We use a Cycle-Walking Feistel network — a cryptographic permutation that maps any index to its shuffled position in O(1) time:
uint32_t permute_index(uint32_t index, uint32_t N,
uint64_t seed, uint32_t epoch) {
// Feistel network with cycle-walking
// π: [0, N-1] → [0, N-1] (bijection)
// Same (seed, epoch, index) → same output, always
}Test vectors from CT-MATH-001 §7.2:
N=100, seed=0x123456789ABCDEF0, index=0 → 26
N=100, seed=0x123456789ABCDEF0, index=99 → 41
N=60000, seed=0xFEDCBA9876543210, index=0 → 26382The permutation is a true bijection — every input maps to exactly one output, and every output comes from exactly one input.

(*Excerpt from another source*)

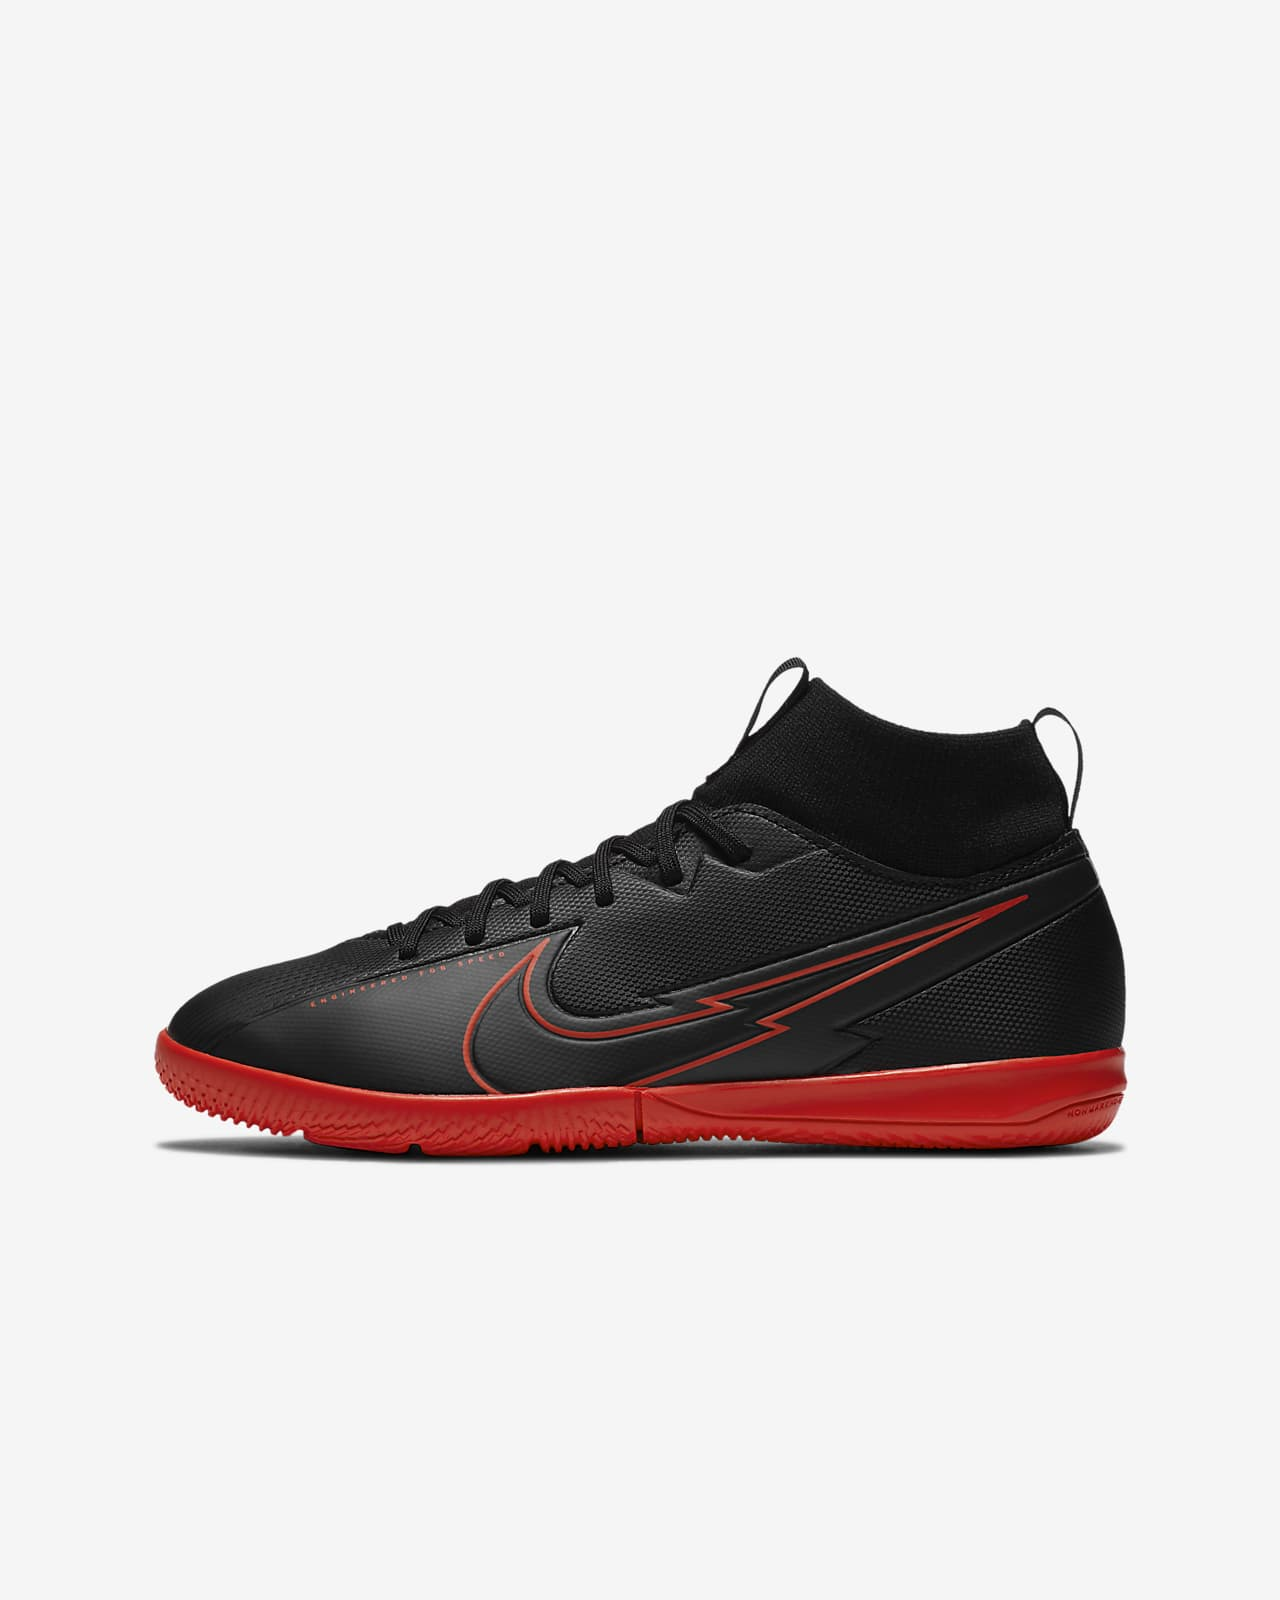 Chaussure de football en salle Nike Mercurial Superfly 7

Deterministic Augmentation
Data augmentation typically uses random number generators. We use counter-based PRNG with explicit operation IDs:
// Horizontal flip (50% probability)
uint64_t rng = ct_prng(seed, epoch, sample_idx << 16 | OP_FLIP);
bool flip = (rng & 1);
// Random crop
uint32_t crop_x = ct_prng_uniform(seed, epoch,
sample_idx << 16 | OP_CROP_X,
max_x + 1);Same (seed, epoch, sample_idx) produces same augmentation. No hidden state.
Merkle Provenance
Every epoch produces a cryptographic commitment:
h_0 = SHA256(0x03 || H_dataset || H_config || seed)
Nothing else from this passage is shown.